# [WHAT THE TASK REQUIRES]
The lines below, from the one containing "Hiker Western Boots - Moc Toe | Boot Barn" through the one containing "Patagonia Jackson Glacier", should be set down exactly, with no pictures and nothing else.

# [SUPPLIED ENTRIES]
━━━━━━━━
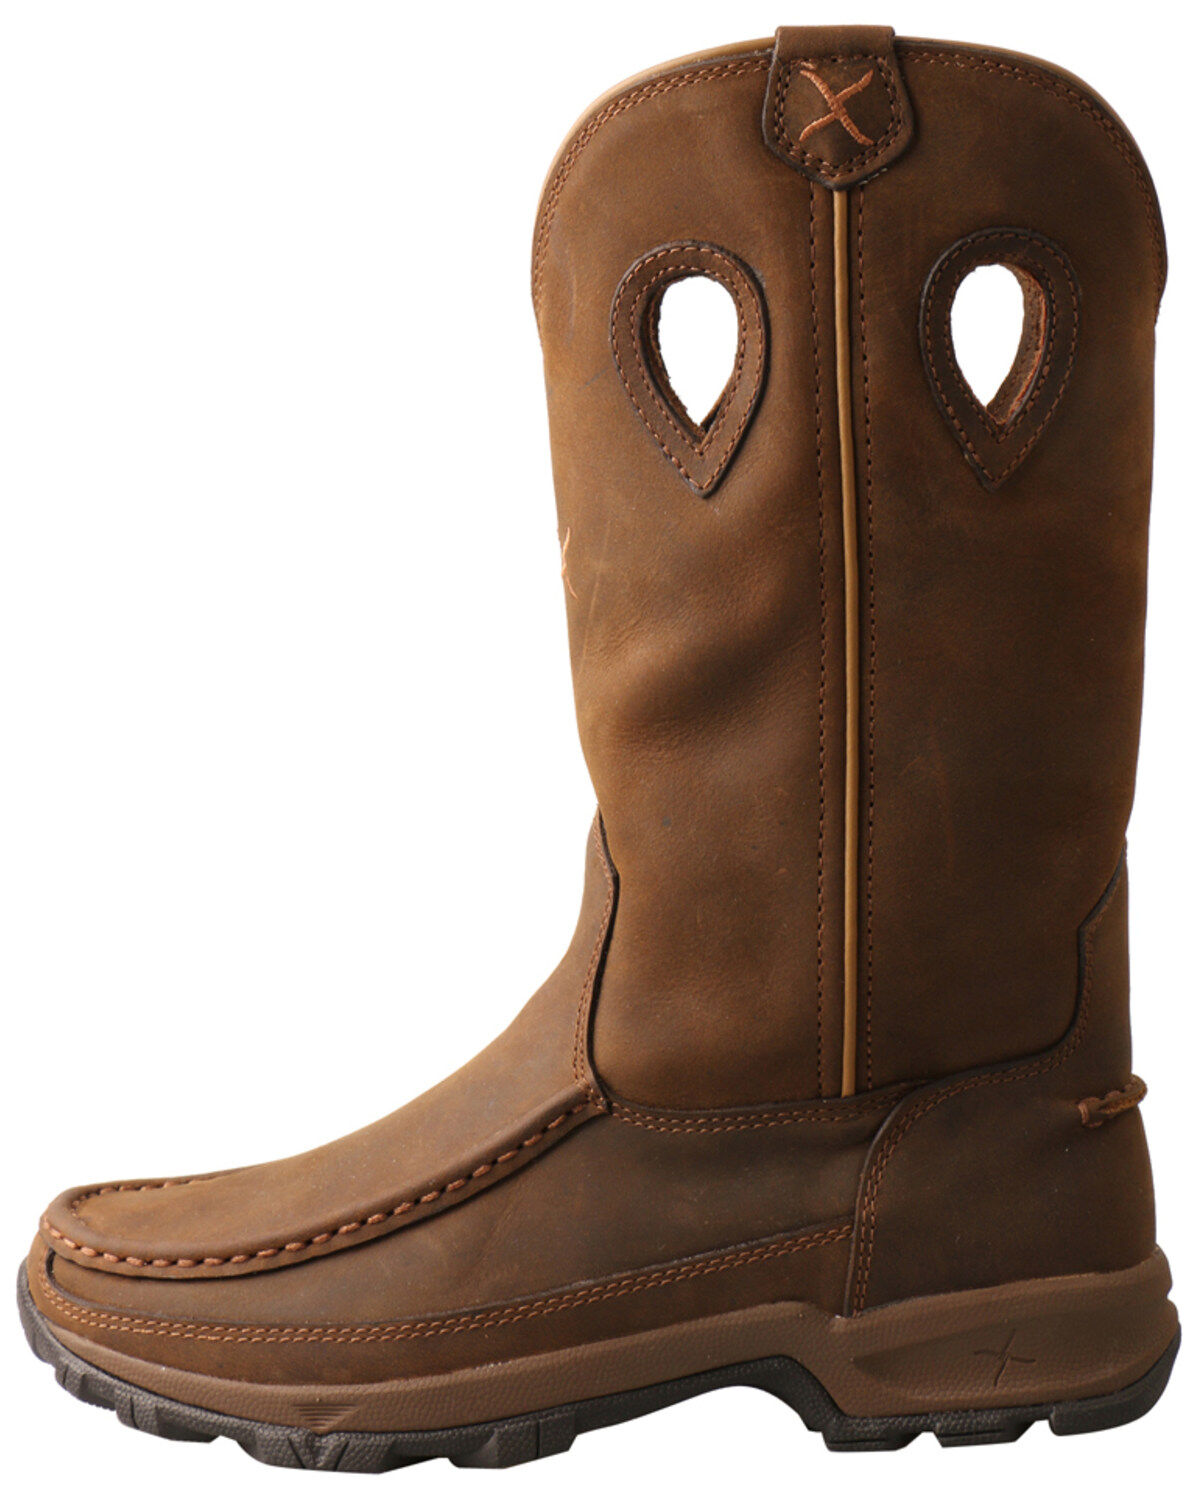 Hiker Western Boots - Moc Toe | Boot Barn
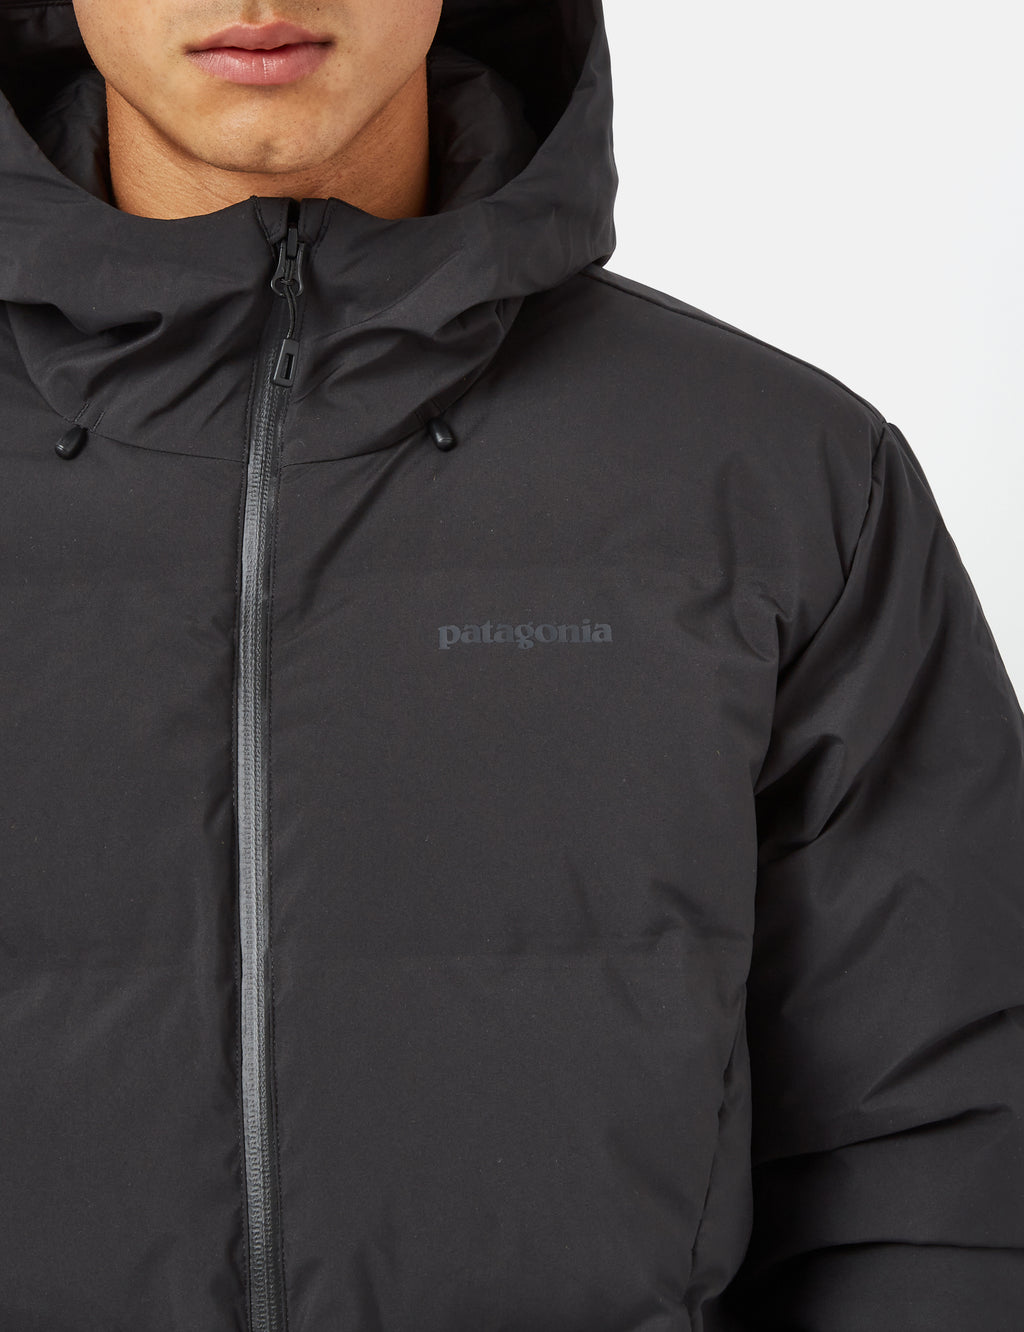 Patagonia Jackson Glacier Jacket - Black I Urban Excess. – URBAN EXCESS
━━━━━━━━
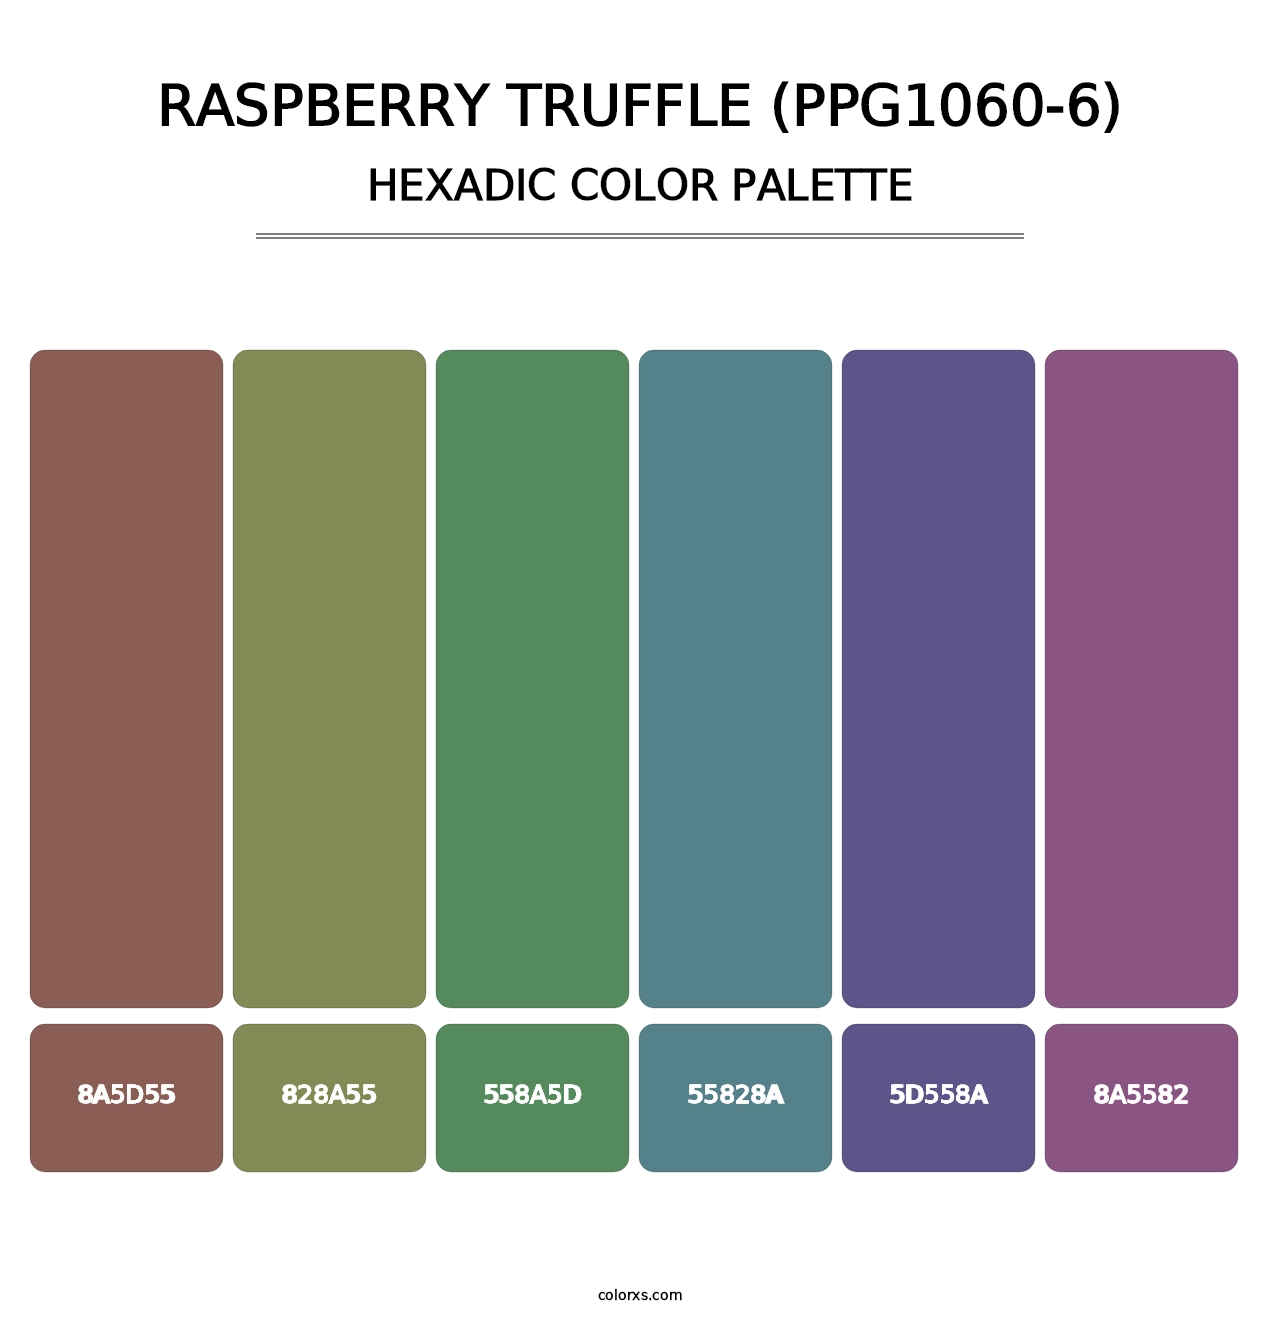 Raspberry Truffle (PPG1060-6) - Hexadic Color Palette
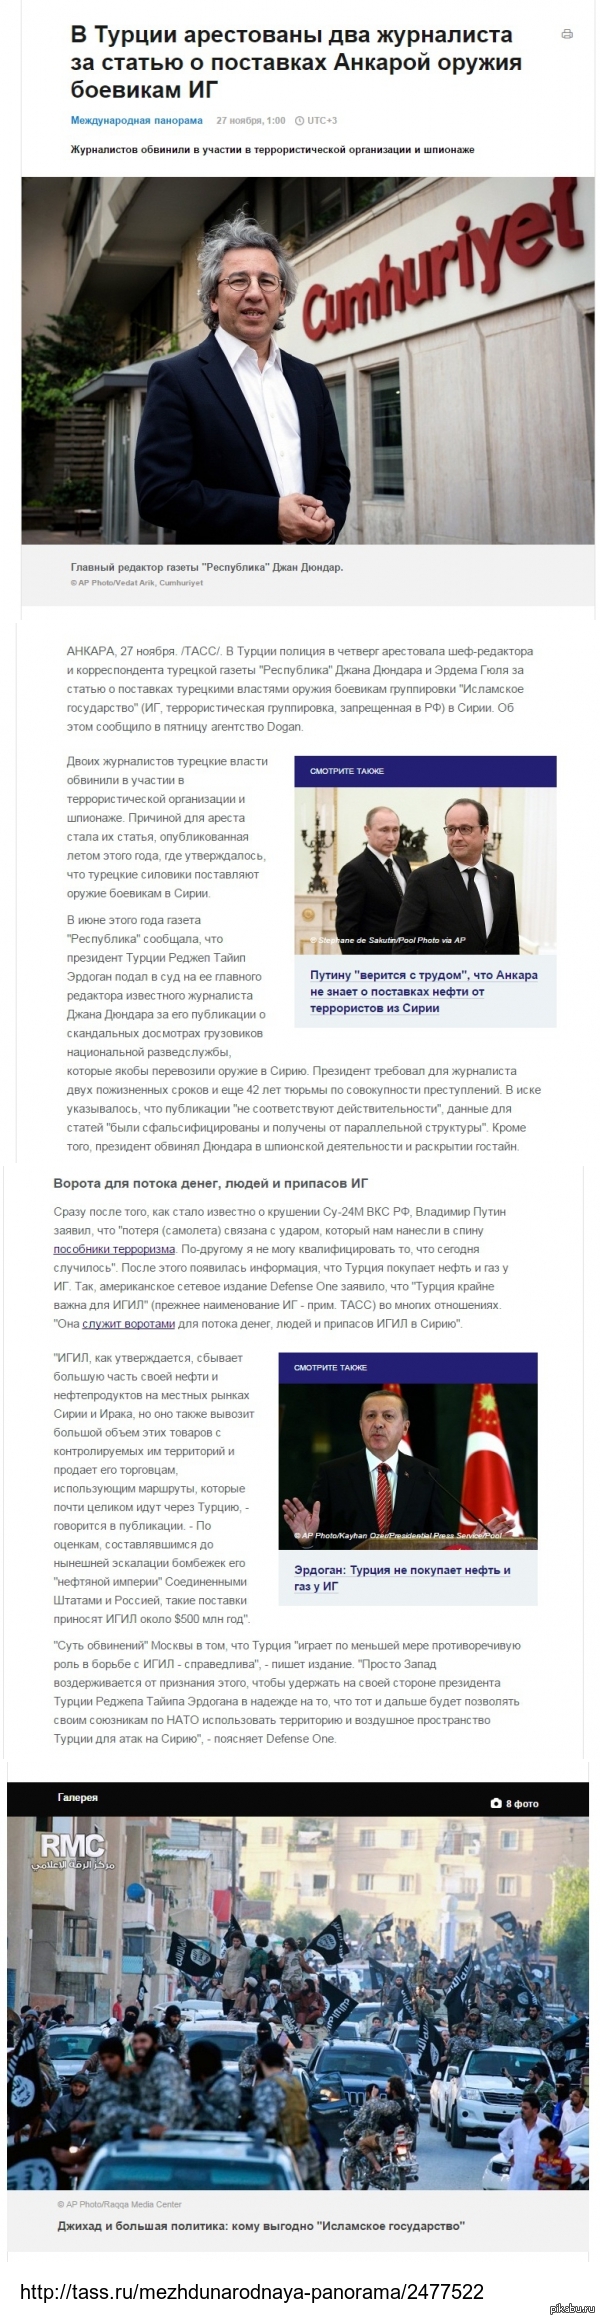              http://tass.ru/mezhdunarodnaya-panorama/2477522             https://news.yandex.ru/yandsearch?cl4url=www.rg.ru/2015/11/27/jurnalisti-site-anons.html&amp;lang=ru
━━━━━━━━
# [SOLUTION FOR THIS TASK]
 Hiker Western Boots - Moc Toe | Boot Barn
 Patagonia Jackson Glacier Jacket - Black I Urban Excess. – URBAN EXCESS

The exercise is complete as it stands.